Standard terms and conditions of sale
Offer and Acceptance:
A quotation confirms that Ayalytical Instruments, Inc. or its affiliates (hereafter Ayalytical”), agrees to sell Products and/or perform services at the prices and in compliance with the terms and conditions communicated to the Customer (Hereafter Customer”) in said quotation. Acceptance of any Ayalytical proposal or quotation referring to these terms, or to which these terms are attached, is limited to acceptance of the exact terms as stated herein and in said proposal or quotation. Acceptance may be affected by any customary means including issuance of a responsive purchase order or equivalent authorization. Any altered or additional terms shall be deemed objected to without effect unless subsequently agreed to in writing by authorized Ayalytical personnel. The receipt of these terms by Customer following an order not in response to, or inconsistent with, a written Ayalytical proposal or quotation, shall be deemed a notification of objection to all inconsistent terms in said order.
Quotations are valid for 30 days beyond date of issuance.
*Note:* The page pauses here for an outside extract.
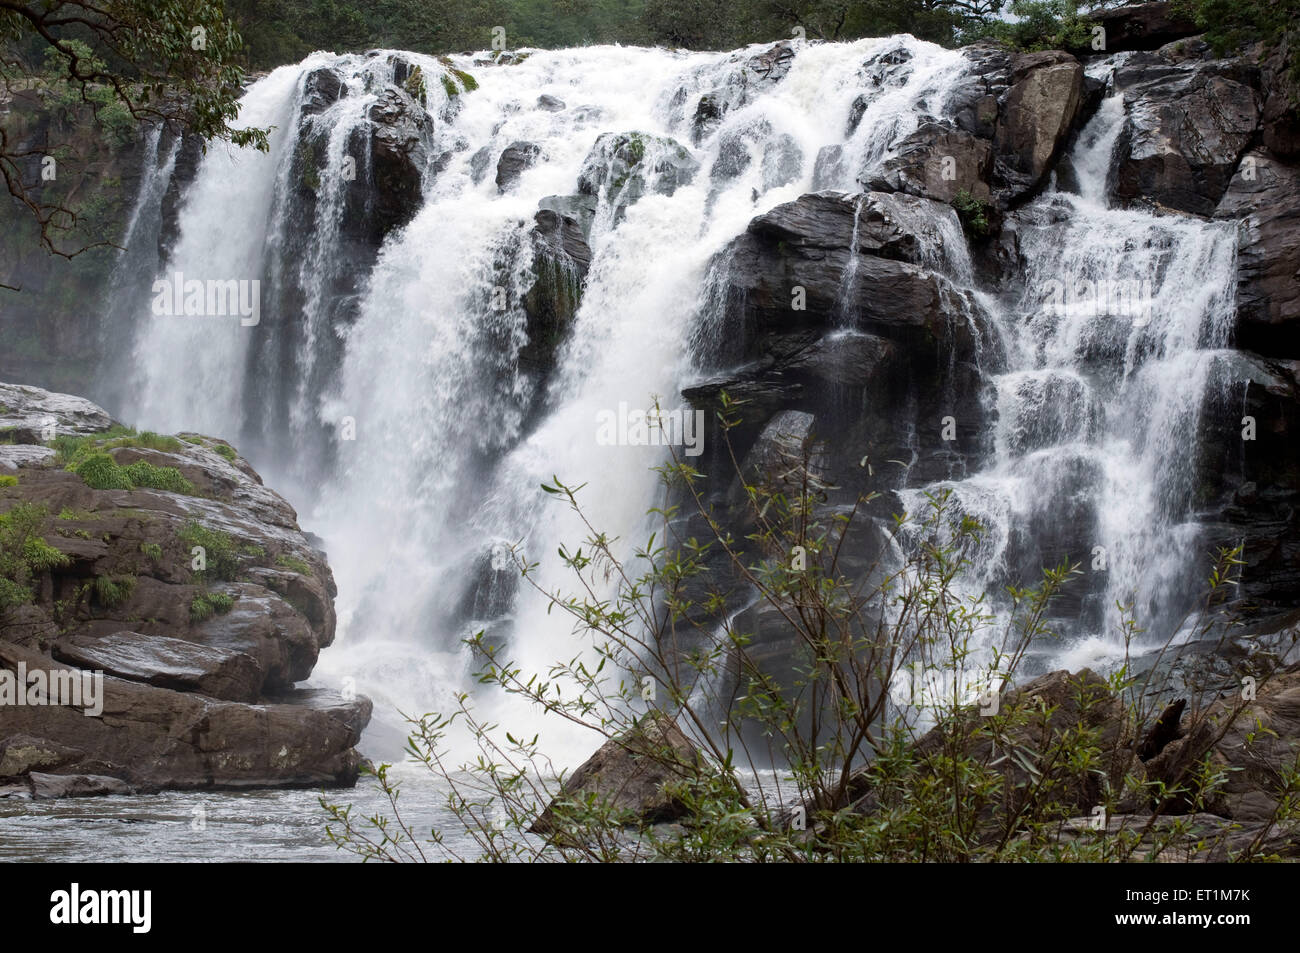 A Thoovanam waterfall over the rocks in tremendous speed Munnar Kerala India Asia Stock Photo

Only prices in a quotation shall govern Customer’s purchase of the Products and Services. Any Ayalytical catalogs or other advertising materials are maintained only as a source of general information; any prices and/or specifications shown therein are subject to confirmation by specific quotations. Customer shall bear responsibility for all fees and taxes, including bank fees, excise and/or sales taxes and/or value-added taxes with respect to the Products or Services that may be imposed by any statute, ordinance, or regulation.
Terms of Payment:
Ayalytical may require partial or full prepayment before delivery of goods, products, or services. To the extent that Ayalytical extends any credit, payments shall be made in USD within 30 days of Ayalytical’s invoice date (unless otherwise noted), and subject to a monthly 1.5% late payment assessment. If Ayalytical finds reason to believe timely payments from Customer will not follow, and/or if the level of cost incurred by Ayalytical for custom work is high, and/or if lead times are long, as determined by Ayalytical in its sole discretion, then Ayalytical may require payment on different terms, including but not limited to prepayment in full. Ayalytical reserves the right to invoice for partial shipments.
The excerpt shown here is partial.